Rekomendasi Forex EUR/USD 29 Januari 2026 : Waspadai Pergerakan Dolar AS; Harapkan Penguatan Data Ekonomi

66

(Vibiznews – Forex) Mata uang Euro berakhir turun pada hari Rabu terbebani penguatan dolar AS.

Pasangan mata uang EUR/USD ditutup turun 0,73% pada 1.1954.

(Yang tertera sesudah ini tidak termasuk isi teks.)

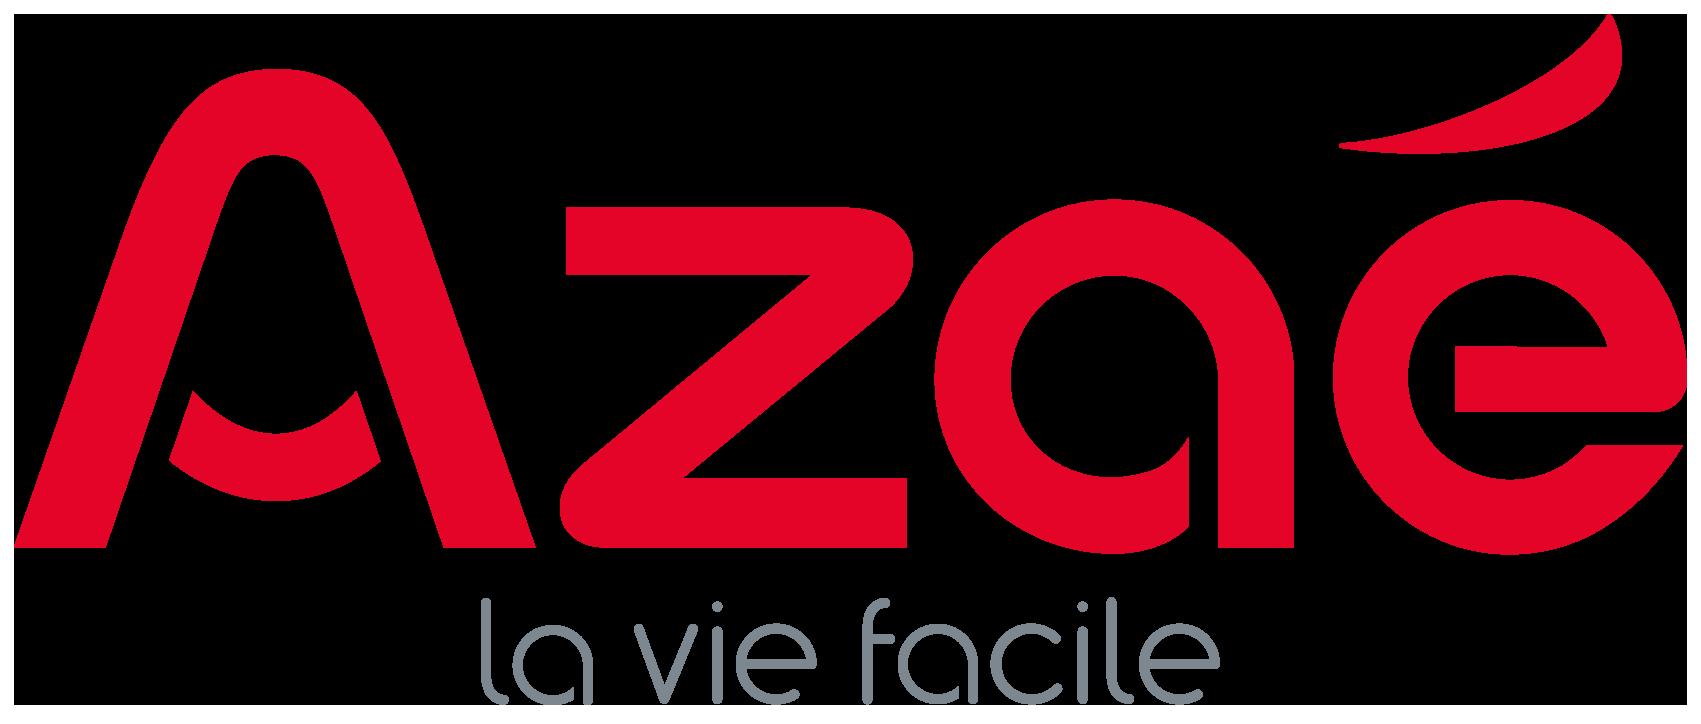 Azaé Lille Centre - Aide à domicile et femme de ménage services, aide à domicile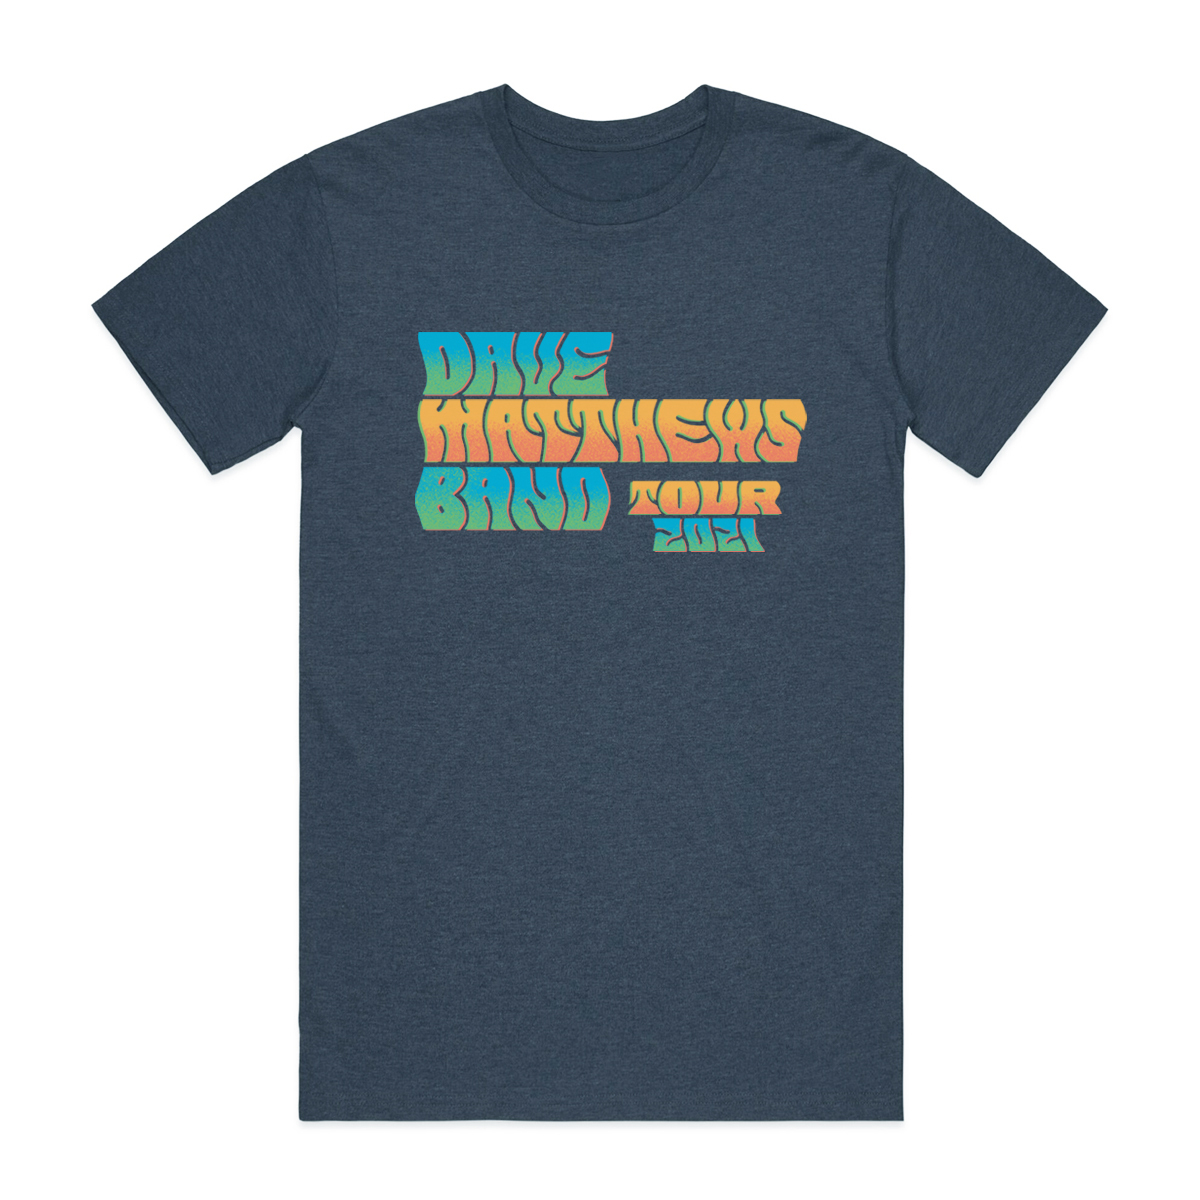 2021 Tour Short Sleeve Tour Shirt

Penguatan dolar AS menekan Euro. Indeks dolar AS pada hari Rabu rebound dari titik terendah hampir 4 tahun dan berakhir naik setelah The Fed mempertahankan suku bunga dan pernyataan positif Menteri Keuangan AS yang menyatakan tidak ada intervensi pemerintah AS untuk melemahkan dolar AS.

Euro sebelumnya melemah dari level tertinggi 4,5 tahun pada hari Selasa setelah komentar dovish dari gubernur bank sentral Austria, Kocher, yang mengatakan ECB perlu mempertimbangkan pemangkasan suku bunga lagi jika kenaikan Euro lebih lanjut cukup besar untuk menurunkan proyeksi inflasi.

Namun pelemahan Euro dibatasi setelah indeks kepercayaan konsumen GfK Jerman bulan Februari naik +2,8 menjadi -24,1, lebih kuat dari ekspektasi -25,5.

Swap memperkirakan peluang kenaikan suku bunga sebesar +25 basis poin oleh ECB pada pertemuan kebijakan berikutnya pada 5 Februari adalah 0%.

Sore nanti akan dirilis banyak data ekonomi Zona Euro bulan Januari seperti Economic Sentiment, Consumer Confidence Final, Consumer Inflation Expectations, Industrial Sentiment, Selling Price Expectations, Services Sentiment, yang sebagian besar diperkirakan meningkat.

Juga pada malam hari akan ada pernyataan dari pejabat ECB Donnery dan Cipollone.

Analyst Vibiz Research Center memperkirakan untuk perdagangan selanjutnya, mata uang Euro akan mencermati pergerakan dolar AS, yang jika dolar AS berlanjut menguat, akan menekan Euro. Namun jika data ekonomi Zona Euro terealisir naik dan pernyataan pejabat ECB bersifat hawkish untuk kebijakan suku bunga ECB, akan menguatkan Euro. Pasangan mata uang EUR/USD diperkirakan bergerak dalam kisaran Support 1.1885-1.1816. Namun jika naik, akan bergerak dalam kisaran Resistance 1.2034-1.2114.